- Born: 8 August 1880 London, England
- Died: 4 June 1955 (aged 74) London, England
- Occupation: Actor
- Years active: 1896–1950

= Fred Groves (actor) =

British actor (1880–1955)

Fred Groves (8 August 1880 – 4 June 1955) was a British actor of the celebrated Groves acting family. On stage from 1896, he appeared in the original West End production of Noël Coward's Cavalcade (1931–2); and was a leading man in silent films, latterly becoming a character player in movies. He appeared in the 1925 play Number 17 in the West End.
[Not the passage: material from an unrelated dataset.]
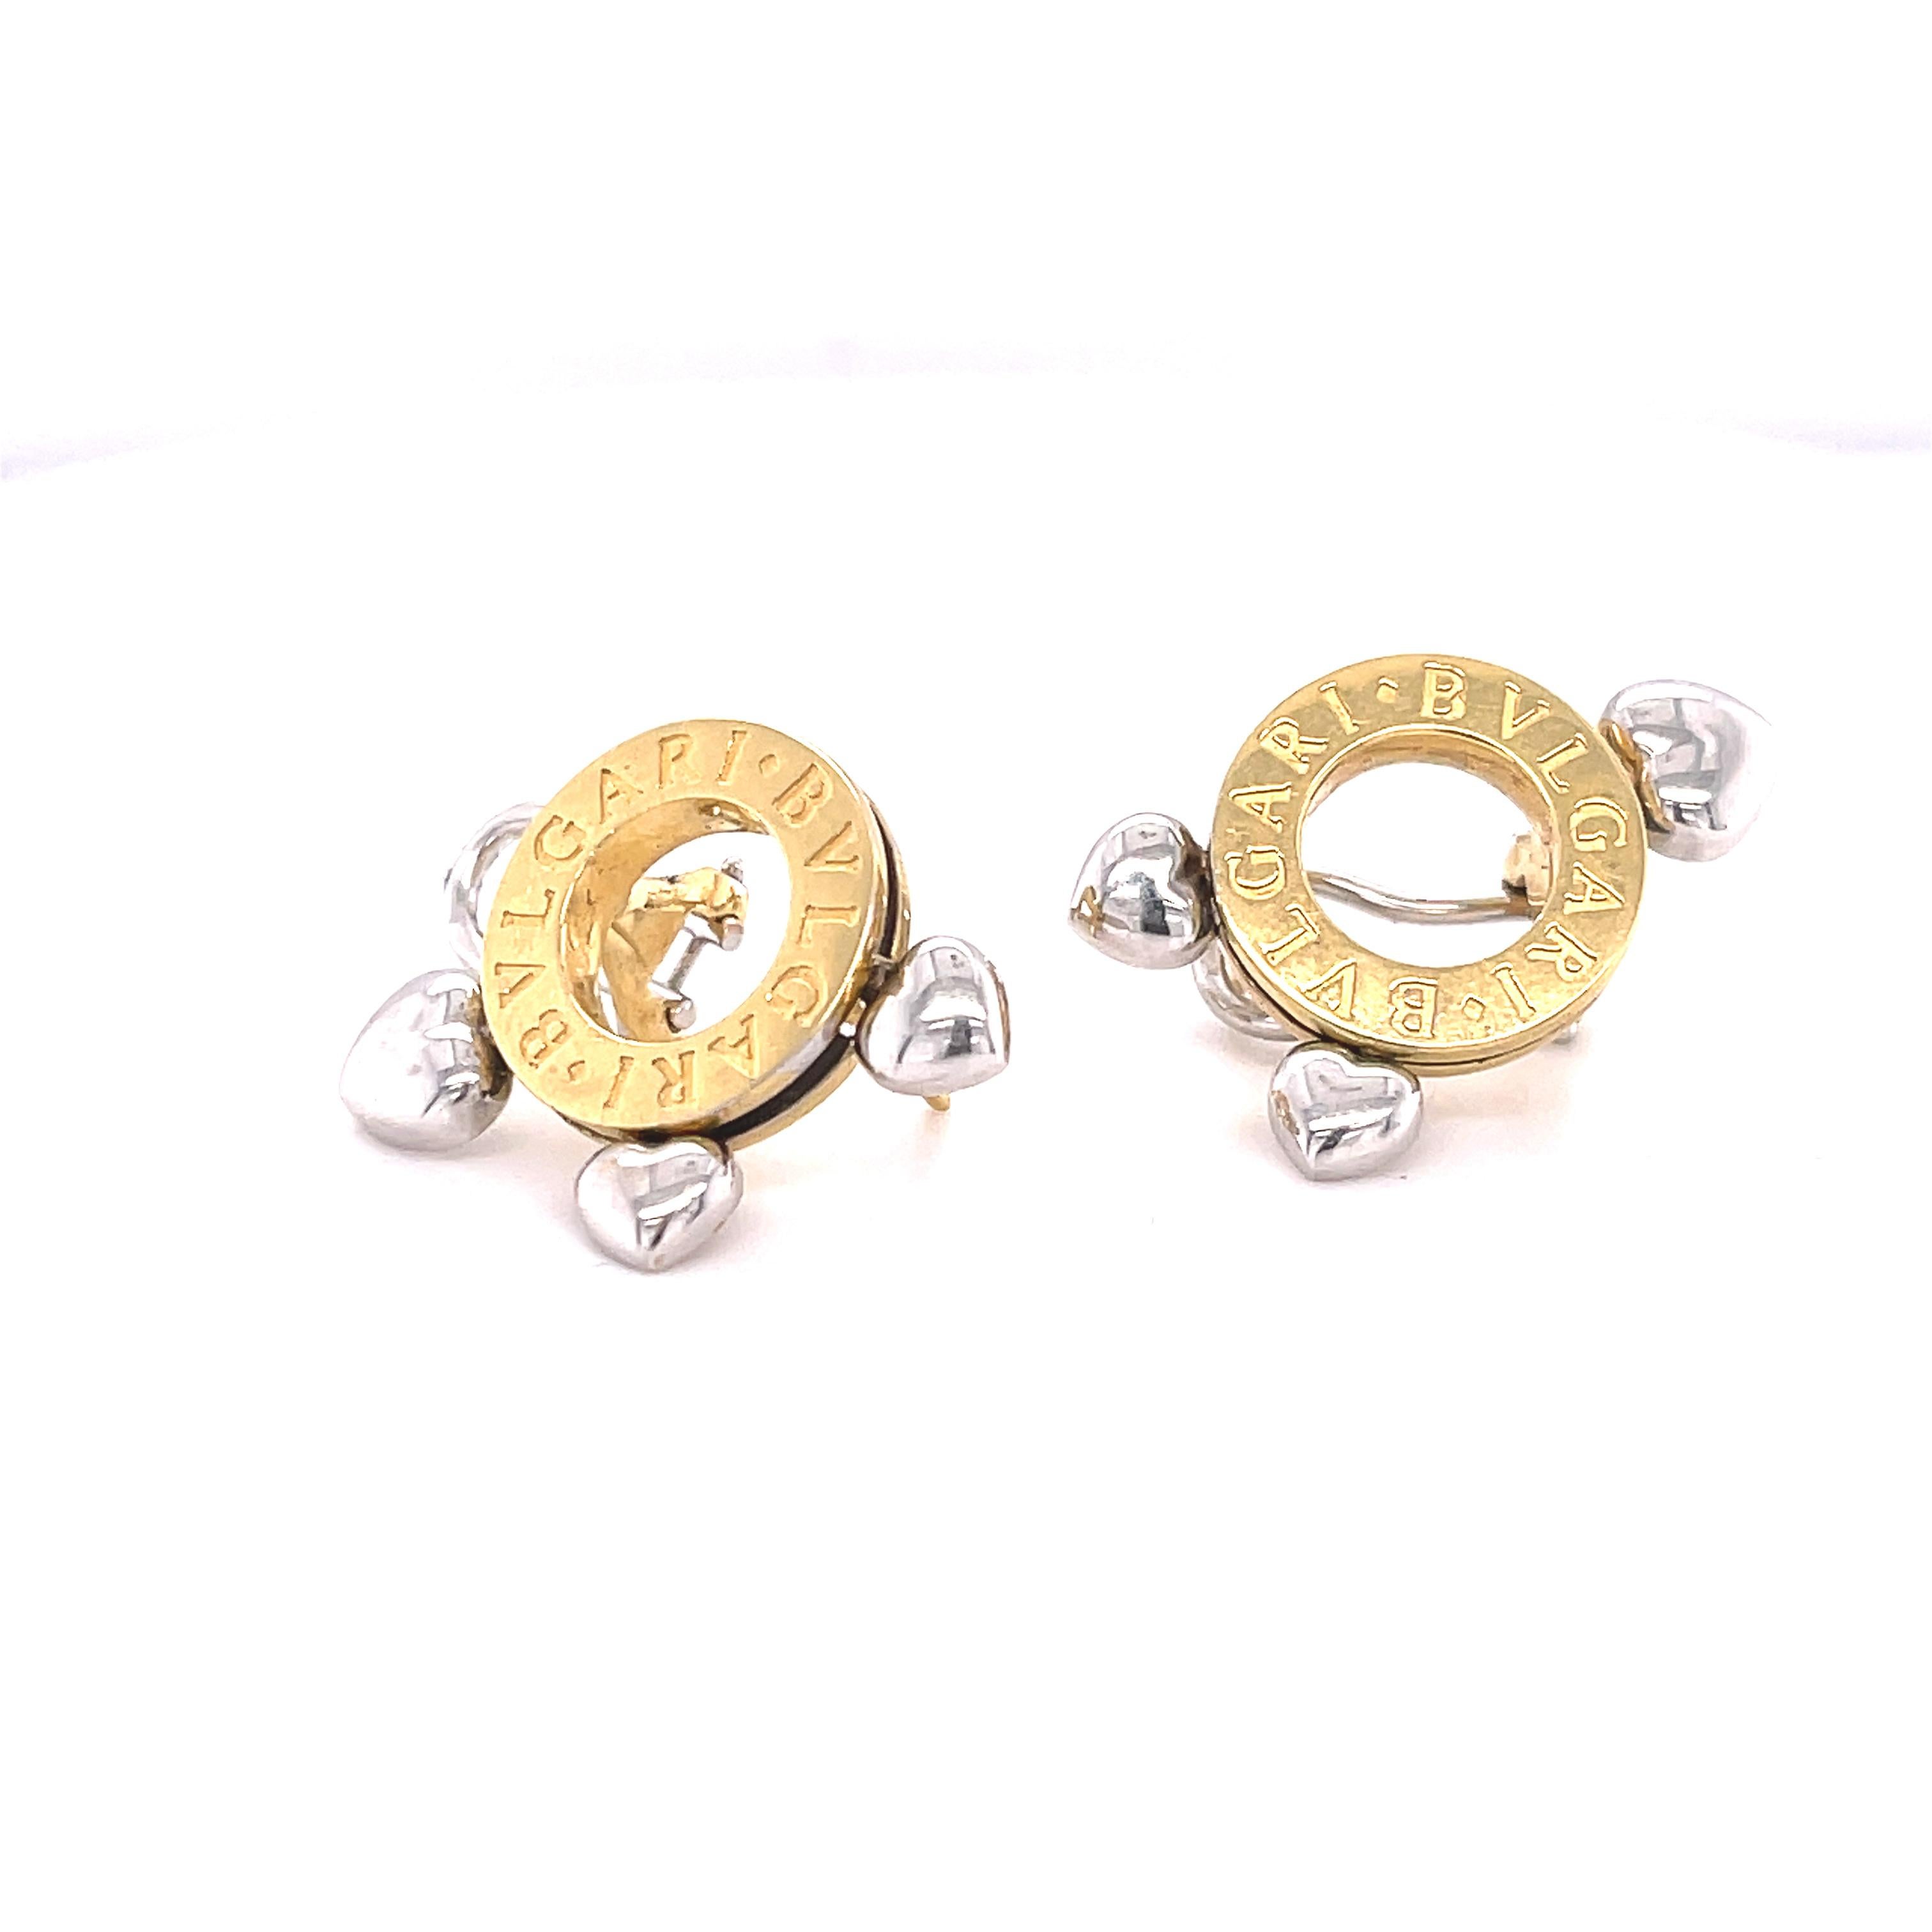 These is a beautiful set of earrings! Bvlgari is clearly displayed o the yellow gold circle of the main part of the earrings. Then three white gold hearts dangle at the bottom. The hearts can move around the whole earrings. 

• Signed Bulgari

He was a son of Charles Groves (1843–1909), a well-known Victorian and Edwardian comedic actor who made appearances on Broadway and in London's West End. He was also a nephew of the Fred Karno comedian Walter Groves (1856–1906), and a half-brother to the film and stage actor Charles Groves (1875–1955).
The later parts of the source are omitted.